A day before demitting office, Reserve Bank Governor Raghuram Rajan on Saturday said the RBI's ability to say 'no' to highest echelons of government has to be protected as the country needs a strong and independent central bank.
Delivering a lecture on 'independence of the central bank' at the St. Stephens College here, the outgoing governor said the central bank cannot be free of all constraints as it has to work under a framework set by the government.
Recalling his predecessor D Subbarao's comments on policy differences with the government, Rajan said he "would go a little further" as he believes that "the Reserve Bank cannot just exist, its ability to say 'no' has to be protected."
"In this environment, where the central bank has to occasionally stand firm against the highest echelons of central and state governments, recall the words of my predecessor, Dr. Subbarao, when he said "I do hope the Finance Minister will one day say, 'I am often frustrated by the Reserve Bank, so frustrated that I want to go for a walk, even if I have to walk alone.

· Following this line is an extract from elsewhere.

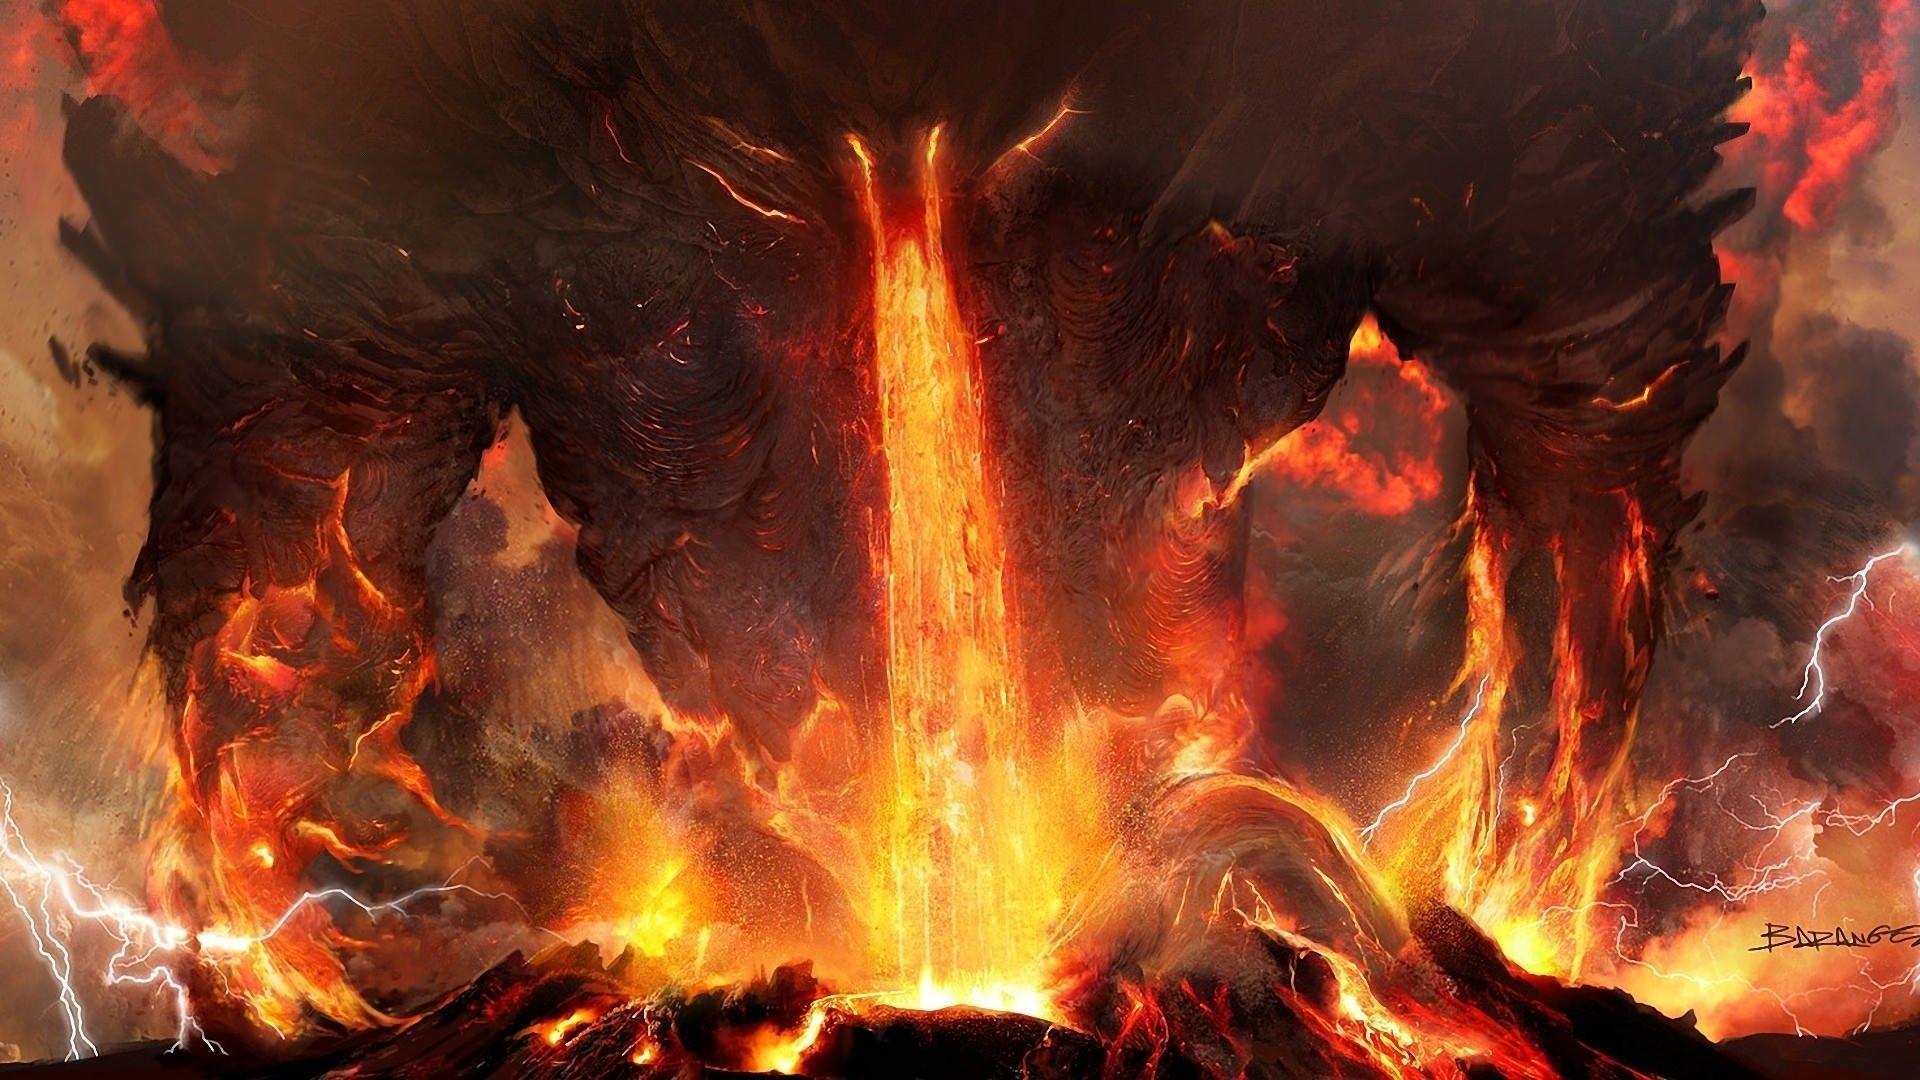 Art titanium anger fire lightning lava volcano ash demon monster .

But thank God, the Reserve Bank exists," the outgoing RBI governor said.
He further said that freedom to take operational decisions is important for the central bank.

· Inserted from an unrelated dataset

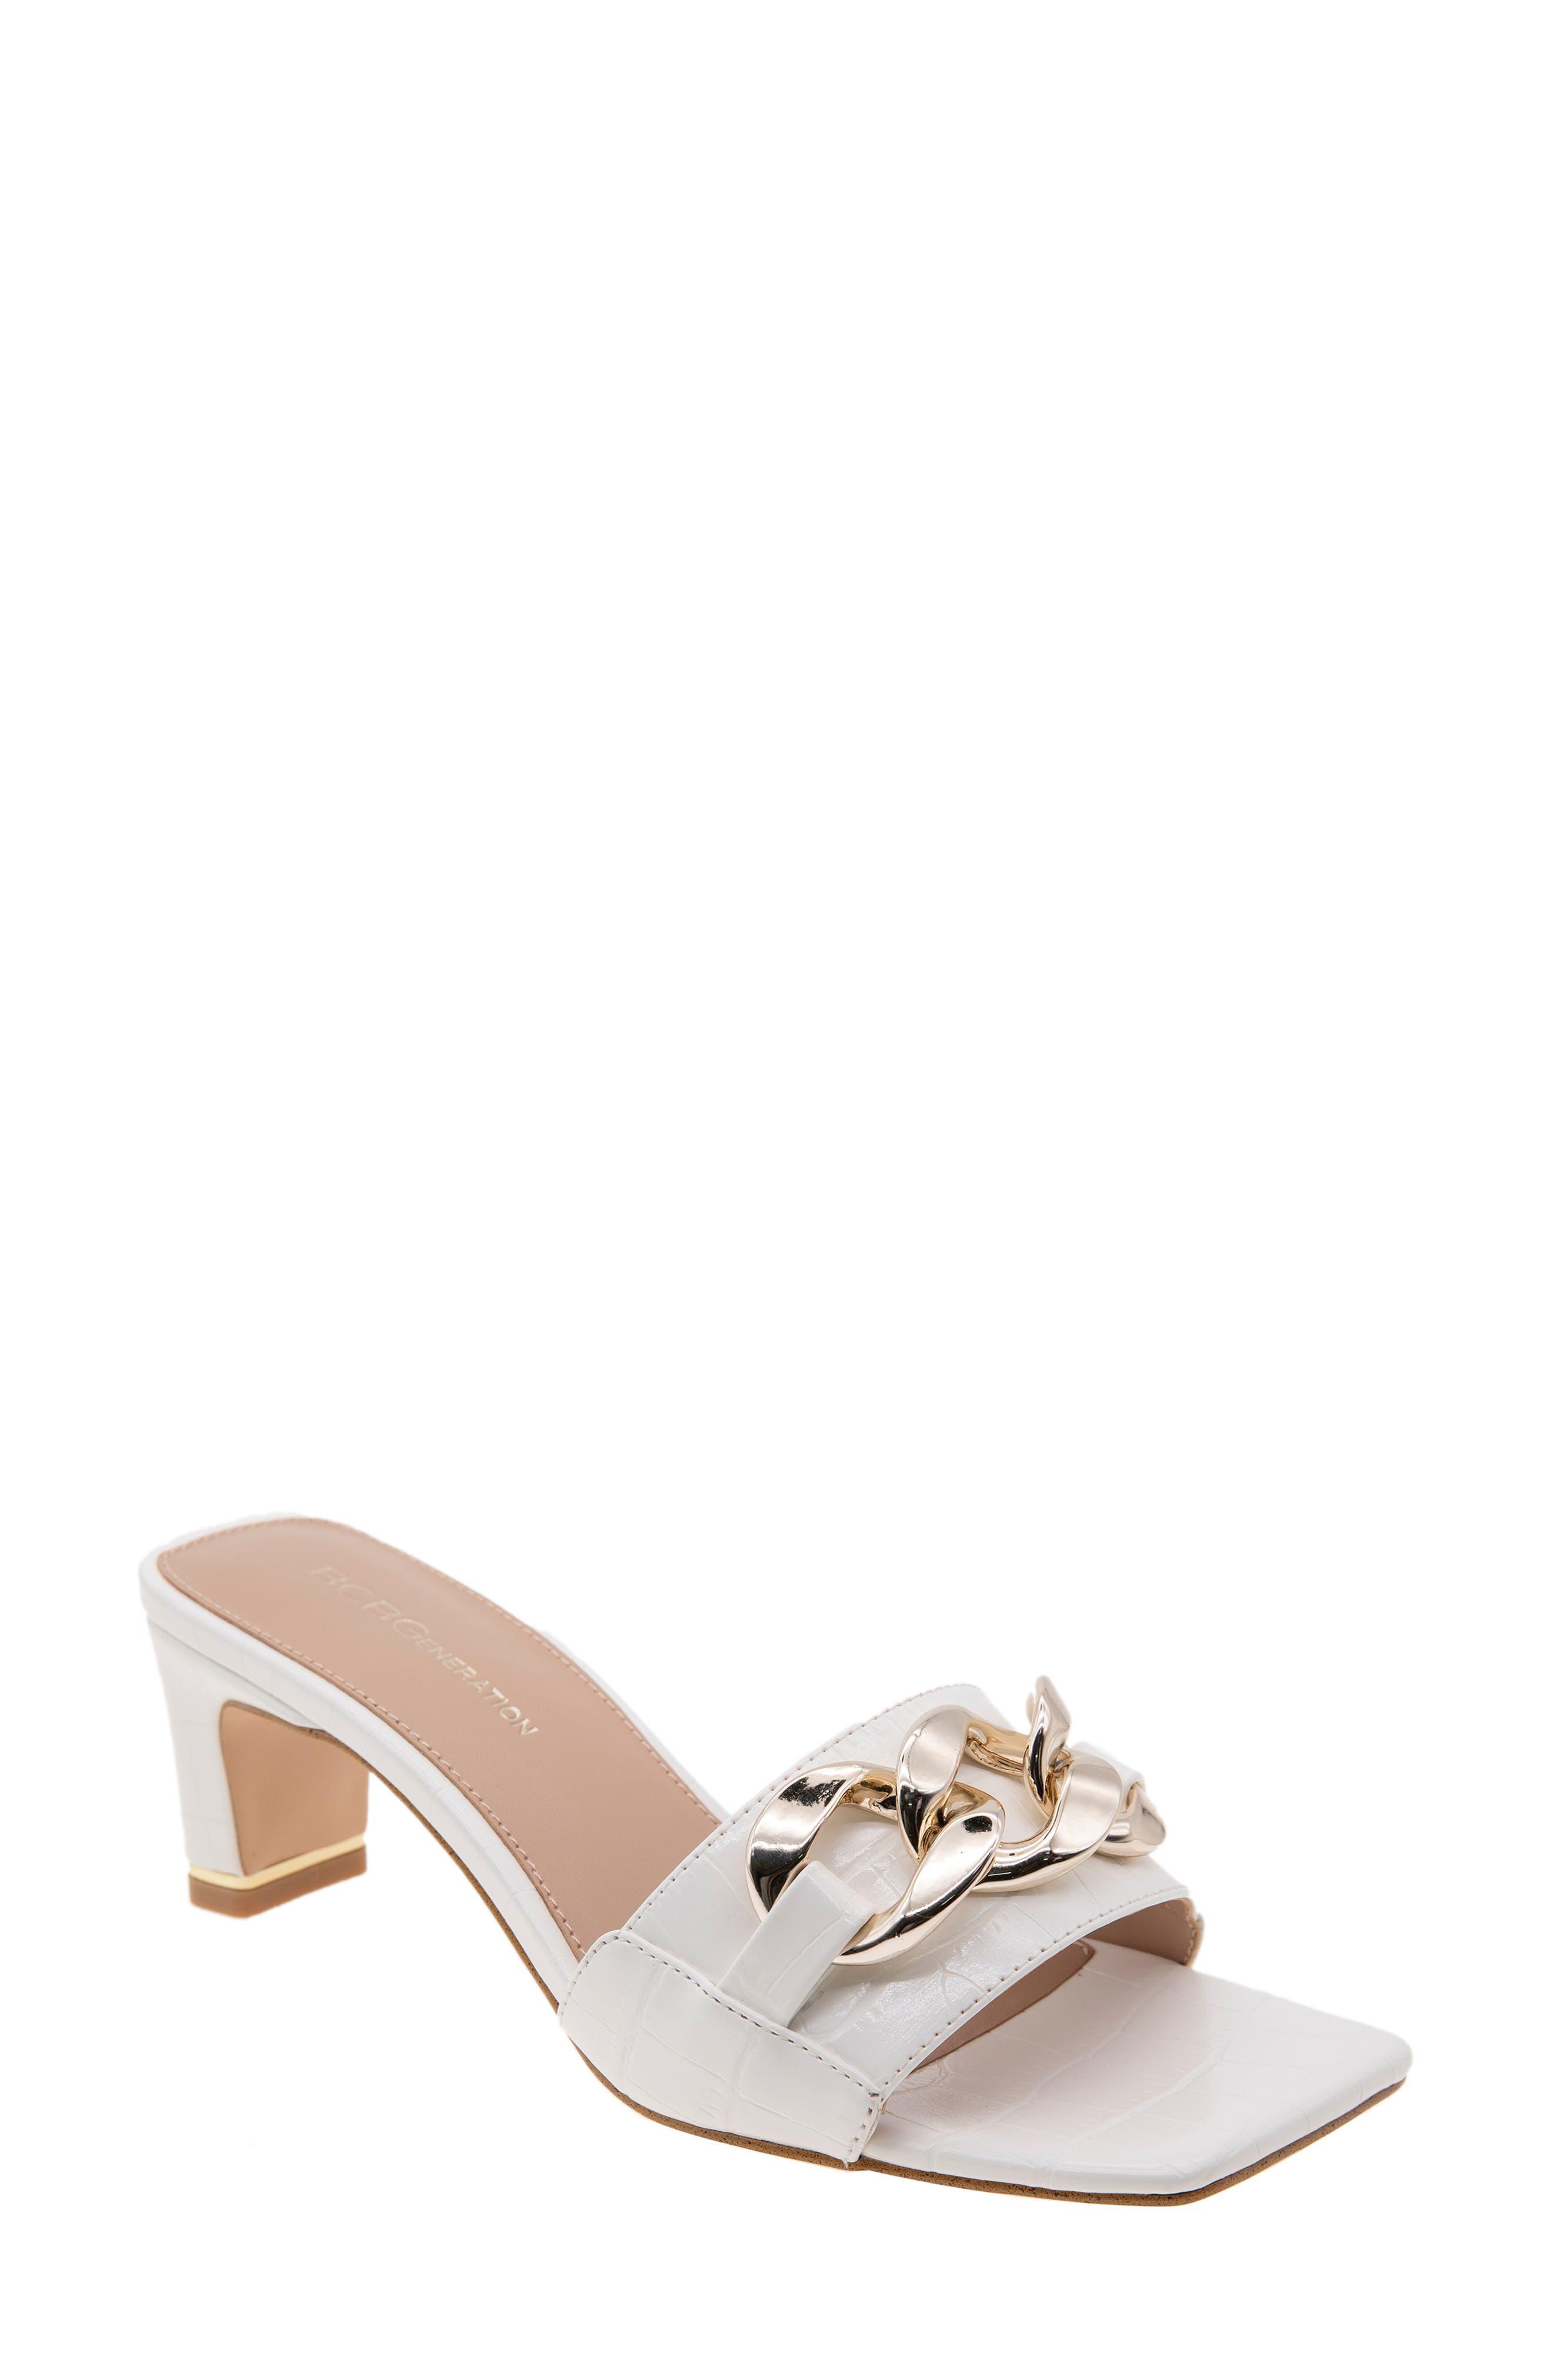 Koola Slide Sandal

"However, there are always government entities that are seeking oversight over various aspects of RBI's activities.
Multiple layers of scrutiny, especially by entities that do not have the technical understanding, will only hamper decision making," he said.
Instead, the government-appointed RBI Board, which includes ex-officio government officials as well as government appointees, should continue to play its key oversight role.

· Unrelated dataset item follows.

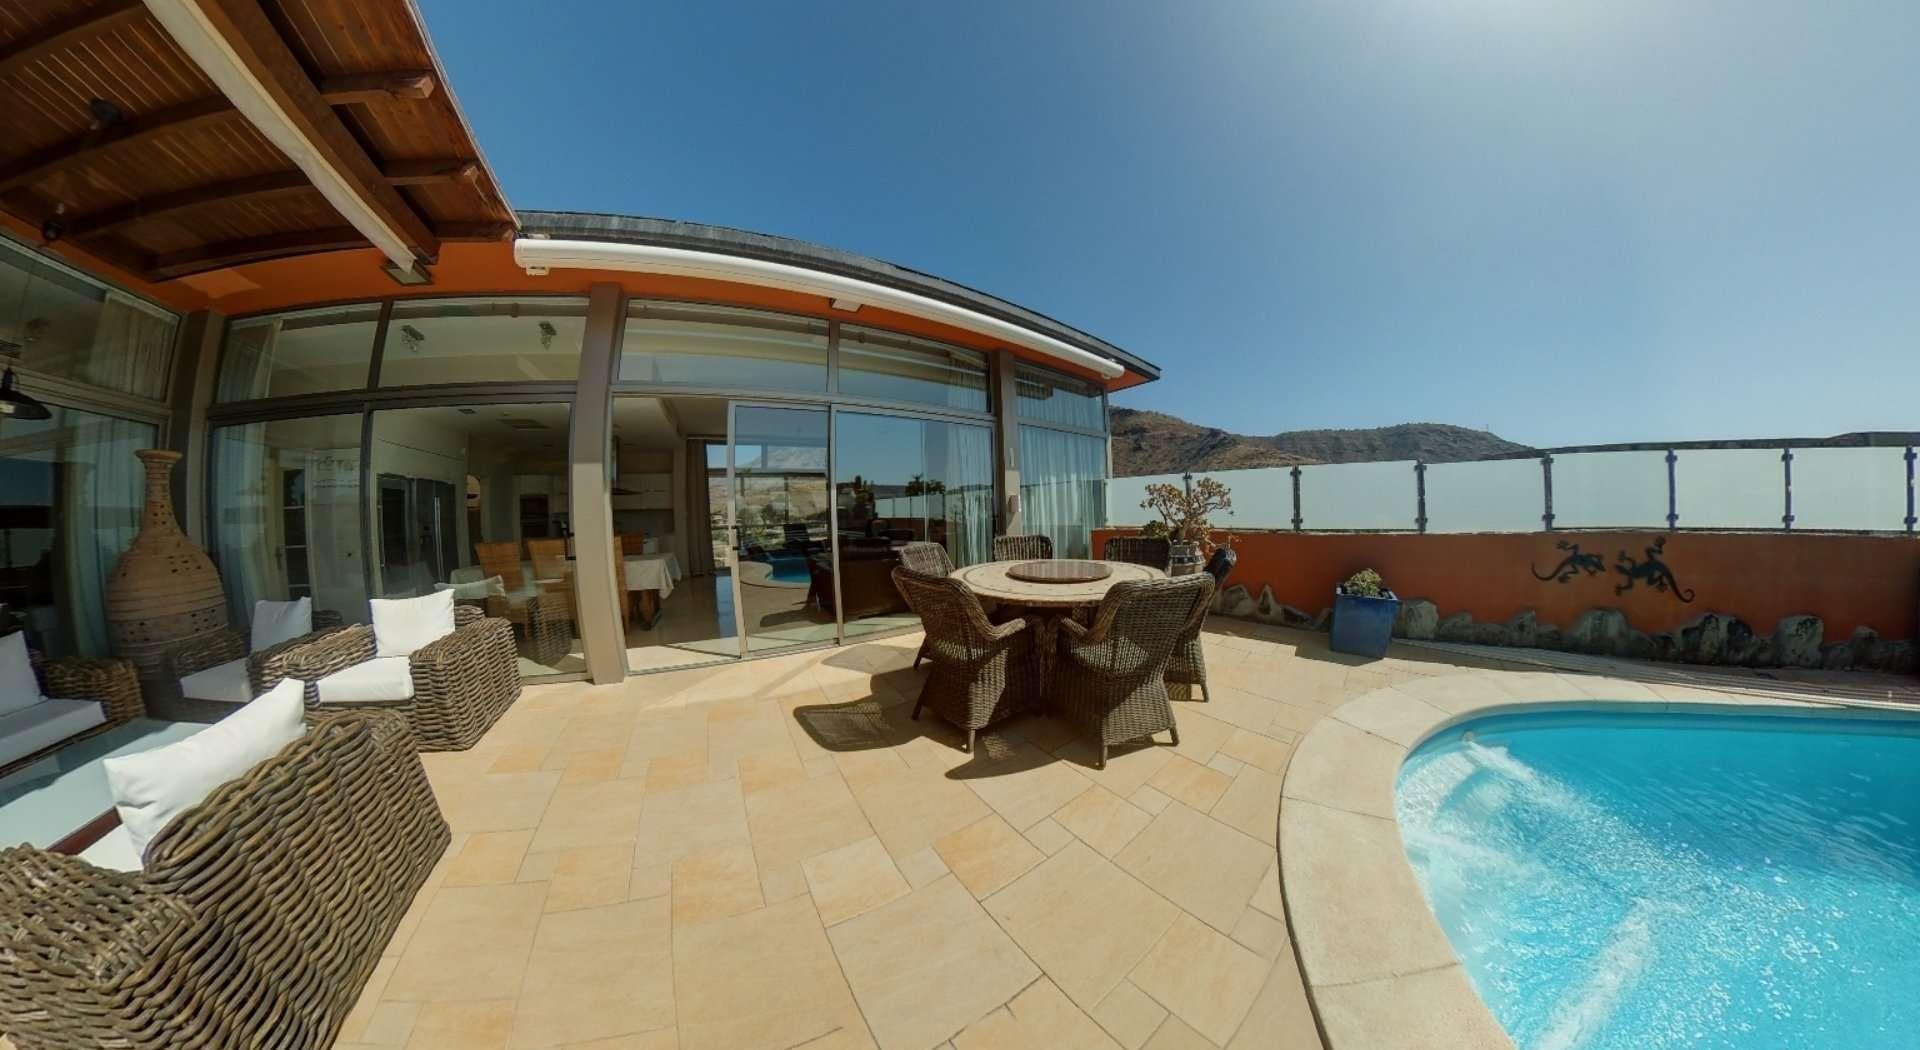 Villa exclusiva de 4 dormitorios en Anfi Tauro

"In this regard, all important RBI decisions including budgets, licences, regulation and supervision are now either approved by the Board or one of its sub-committees. Vacancies in the RBI Board, which have remained unfilled for many months now, should be filled quickly so that the full expertise and oversight of the Board can be utilised," he said.
Rajan said central bank governors sit at the table along with finance ministers at G-20 meetings for a reason. "It is the central bank governor, unlike other regulators or government secretaries, who has command over significant policy levers and has to occasionally disagree with the most powerful people in the country."